The second part is the diffusion model. This works by taking an image and scrambling a few pixels. Then the model is trained to reassemble the pixels so it gets back to the old image. The model learns how to take a grid of pixels and go from some randomness to little to no randomness. Then it’s trained on a grid of random pixels and is trained to generate some viable image. The model now knows how to generate an image from randomness.
The last part is to fuse these two together. CLIP maps the text to what an image should look like. The model is given a random grid of pixels. Then the model is trained to build an image that the CLIP model "approves of". More can be read here.
How To Get Access?
The best open access model is Dall-E-2. The issue is that you need to join the waitlist. For me, this took a few months to get access (though I believe wait times are shorter now). The other bad part is that you’re limited to 15 images a month. Not great if you want to build a project/product around it. I assume this will change soon but the limitation is quite annoying.

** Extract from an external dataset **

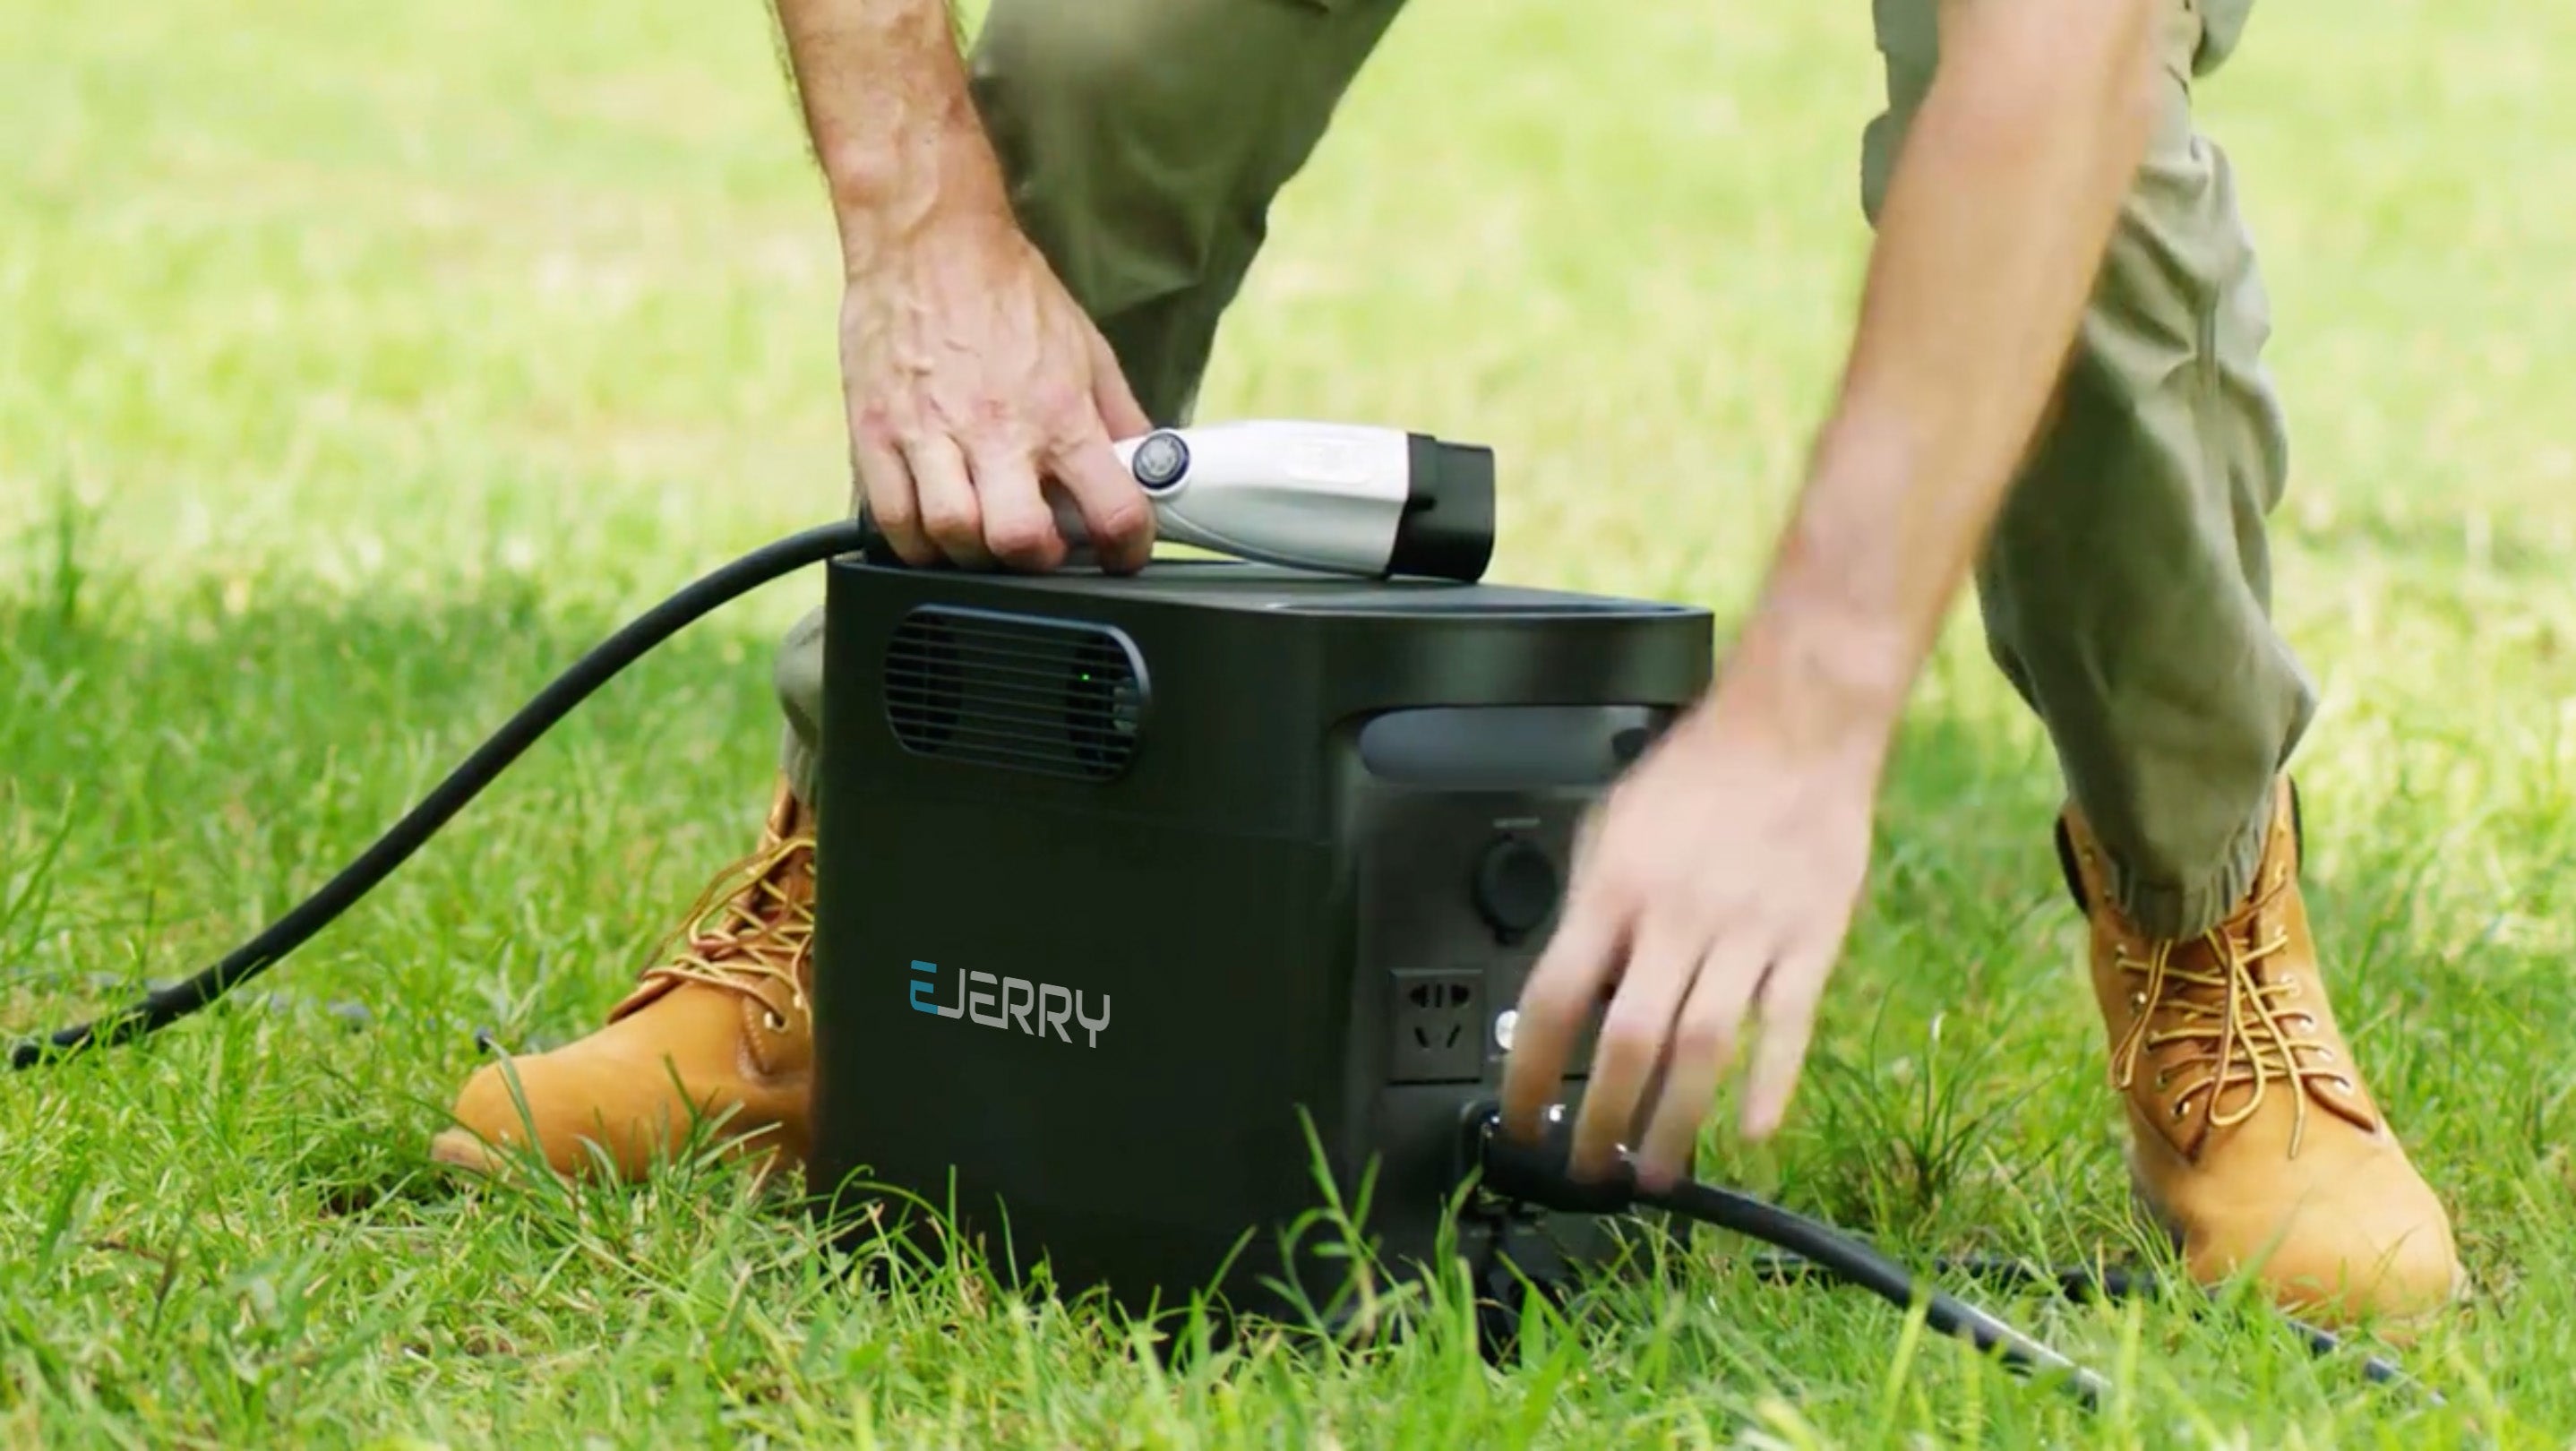 EJERRY - Portable EV Charger with Type 2 EV Charging Gun

Luckily there is an open source model we can use. This is Stability AI’s Stable Fusion mentioned above. It’s an organization that is funded to do AI research for the general public. This model can be run on your very own computer. The code and how to run it can be found on their GitHub. I was going to write a whole post about how to set this up, but being the lazy person I am, I found a better way.
Note: I’ve found the results of Stable Diffusion are not as high quality as Dall-E-2.
Here are some examples of what I was able to produce with it.
“picasso version of a cat playing violin”
“3d model of a castle on a mountain with waterfalls”
“pencil sketch of barack obama”
Happy creating! Let me know if you make anything!